There was no answer to this question, so team MELA created a solution to find out. Their dataset, presented on December 10 at the NeurIPS conference, is the first that allows biologists to test the accuracy of algorithms that identify and track animals in drone footage.
A different dataset
“You can think of this dataset as a race track,” adds Naik. “If there is an algorithm that you want to use to identify and track animals in drone video, come and test it with our dataset to see how accurate it is.”
The “Bucktales” database is drawn from more than 60 hours of drone footage taken of blackbucks in a sanctuary in Rajasthan, India. It is the only published dataset of wild animals recorded using multiple drones. Of those 60 hours, the team manually annotated approximately 12 minutes of footages with special focus on long sequences. These annotations mean that the identity and trajectories of hundreds of individual blackbucks have been confirmed by human observation or “ground truthing,” which is the essential step to train algorithms that can automate the process of identifying and tracking animals.
“This was the back breaking part of the work,” says Akanksha Rathore. “In algorithmic development, twelve minutes of annotated video is very, very long. It involved a team of domain experts annotating over a million bounding boxes to create this dataset. One of the co-authors also created a ‘How-To’ video so other biologists can follow these steps to create their own dataset,” she says.
The effort allowed the team to “benchmark” seven of the current state-of-the-art algorithms available for identifying and tracking animals in video. “We show which algorithm works with the best accuracy for now, and also highlight challenges that need to be solved to improve the algorithms,” says Naik. A challenge that the study identified is that of processing time—current software options require eight hours to process just three minutes of video.
With their unique annotated and benchmarked dataset, the authors hope they can open the door for computer scientists to step in to help solve these challenges.
Crowdsourcing computer scientists
![Two men looking at the screen of a drone control unit](/644364/original-1734095425.jpg?t=eyJ3aWR0aCI6MjQ2LCJvYmpfaWQiOjY0NDM2NH0%3D--36dd75d2148f8d3a8d5e8c77b8a219d86206667d)
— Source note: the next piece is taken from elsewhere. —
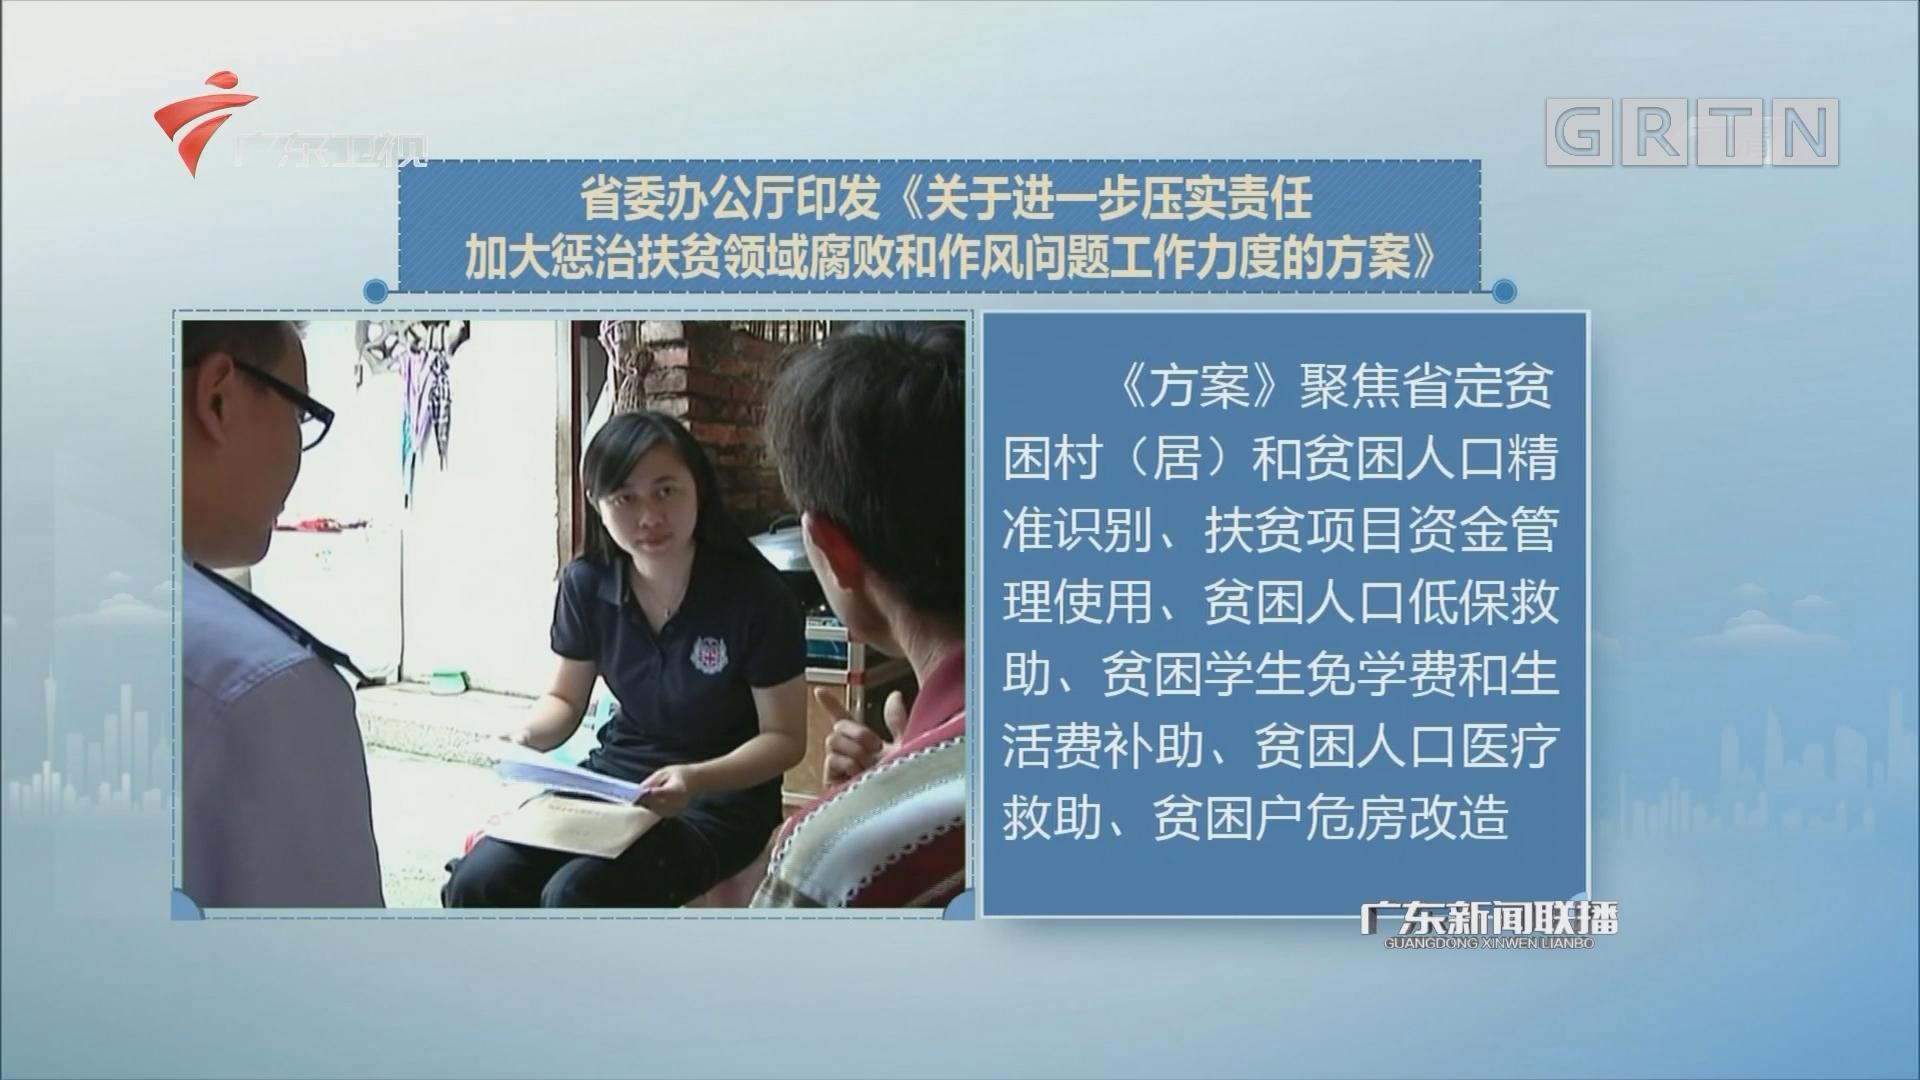 省委办公厅印发《关于进一步压实责任加大惩治扶贫领域腐败和作风问题工作力度的方案》

“It’s biologists crowd sourcing algorithmic development from computer scientists,” says Sridhar. “Video-based animal tracking and identification faces hard problems that biologists can’t solve on our own. We hope that by doing the hard work of annotating and benchmarking a very large dataset of animal videos, we can invite computer scientists to contribute positively to some of the biggest biological problems of our time.”
The Bucktales dataset, focused only on antelope, is the first step in what the authors hope will be an ecosystem of annotated databases. “We want to build a much larger system that works generically across taxa,” says Naik. “Then biologists can pick algorithms off the shelf because the methods will be tested on different animals.”
This algorithmic diversity can pave the way for drone-based video to be part of protecting the planet’s biodiversity. The ultimate goal would be for wildlife managers to be able to monitor threatened species by flying out a fleet of cheap, easy-to-use drones.
In India’s blackbuck sanctuaries, rangers are eagerly awaiting the day when this is possible. “The park authorities keep asking us if an algorithm exists that can automatically count blackbuck in videos,” says Sridhar. “They need to conduct annual census of the protected blackbuck population, but they have few resources to do so.”
Automated analysis of drone footage would solve the problem.
“We’re still far off that dream, but our published dataset is the first step to make it a reality,” he says.